--- START ---
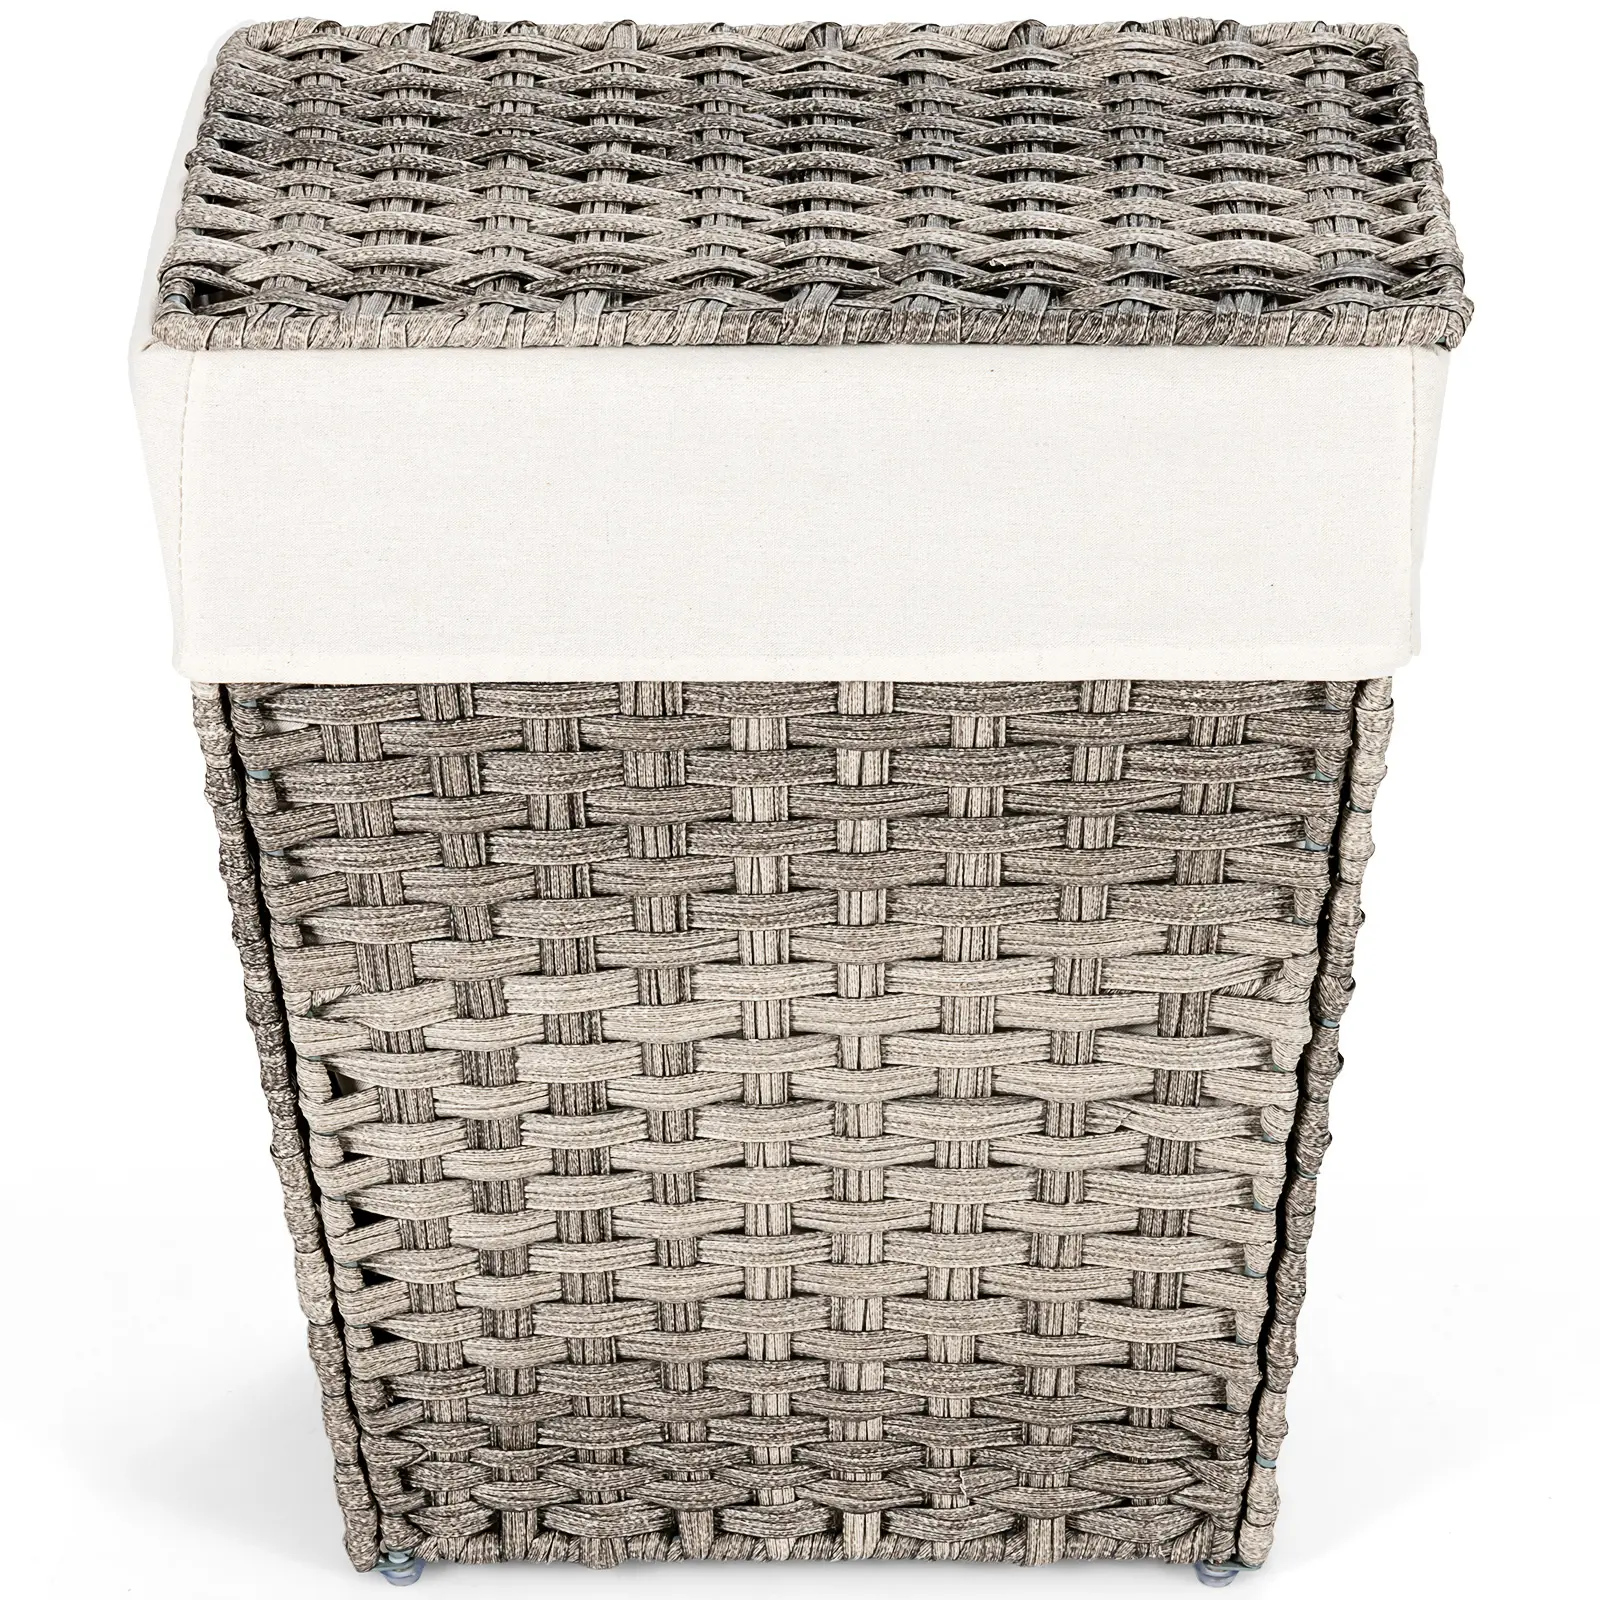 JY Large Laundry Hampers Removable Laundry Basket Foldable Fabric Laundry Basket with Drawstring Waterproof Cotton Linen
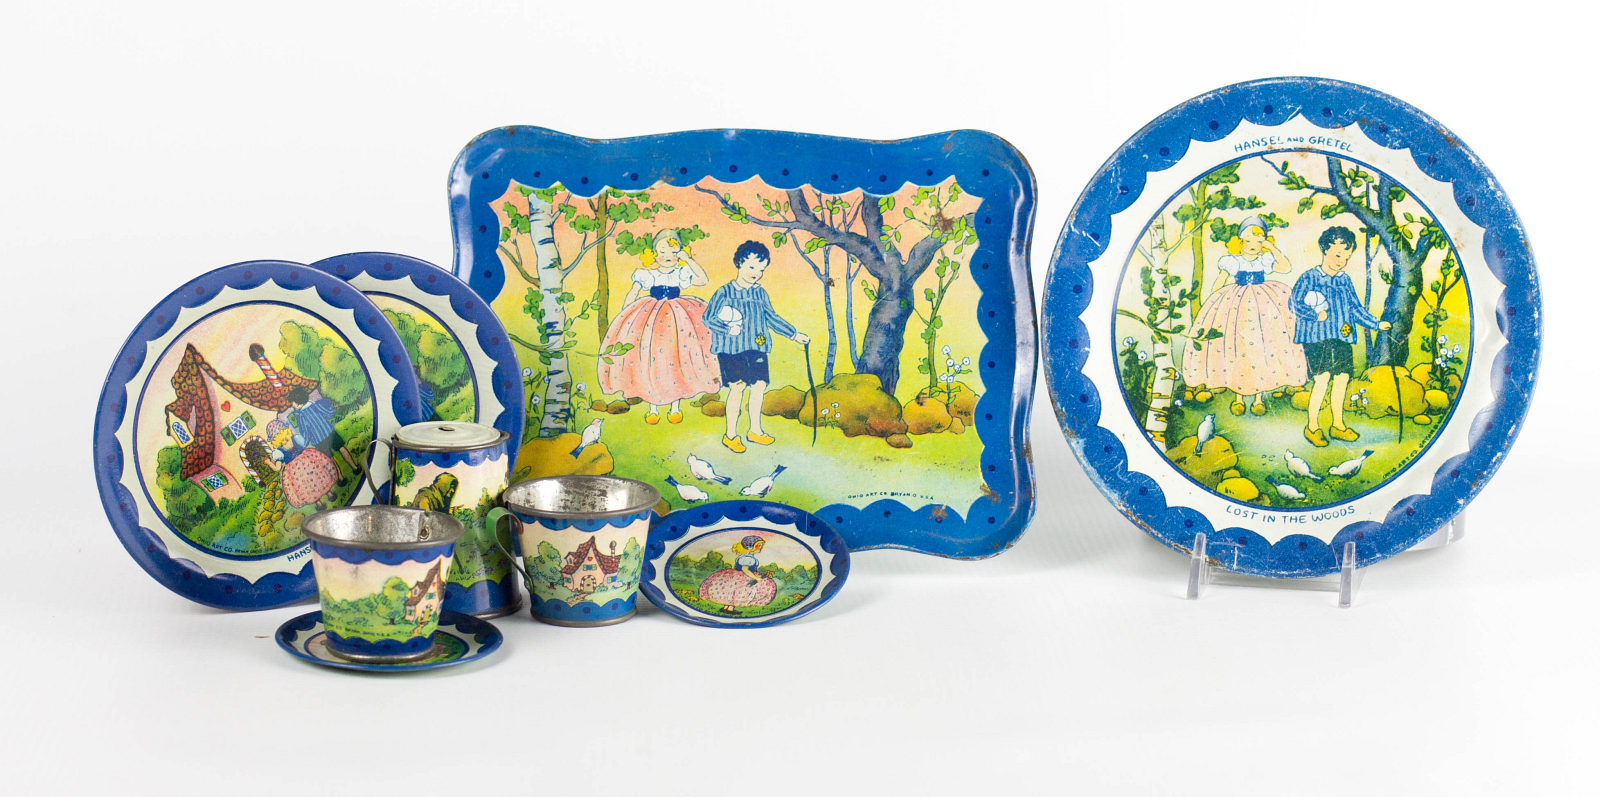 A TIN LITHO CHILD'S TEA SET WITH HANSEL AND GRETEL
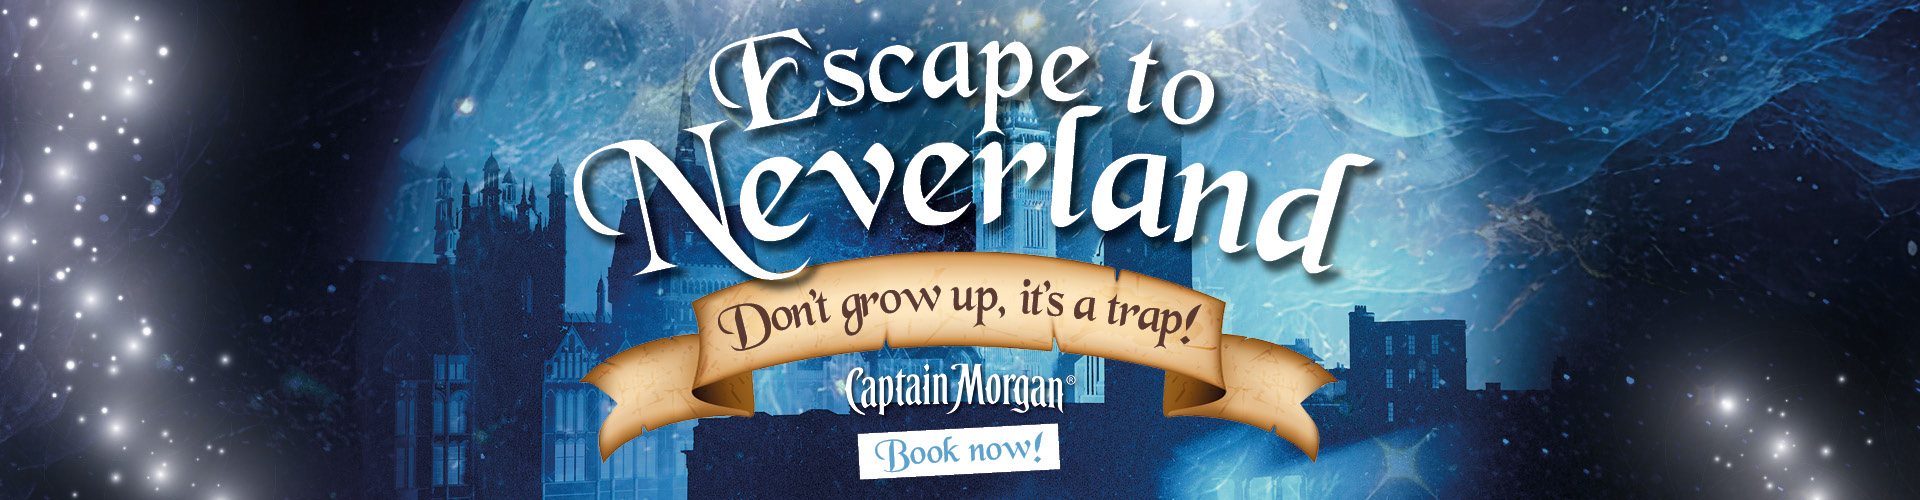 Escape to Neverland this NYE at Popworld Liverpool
--- END ---
Directions for this task.
Transcribe all the lines above exactly, apart from the pictures.

Response.
 JY Large Laundry Hampers Removable Laundry Basket Foldable Fabric Laundry Basket with Drawstring Waterproof Cotton Linen
 A TIN LITHO CHILD'S TEA SET WITH HANSEL AND GRETEL
 Escape to Neverland this NYE at Popworld Liverpool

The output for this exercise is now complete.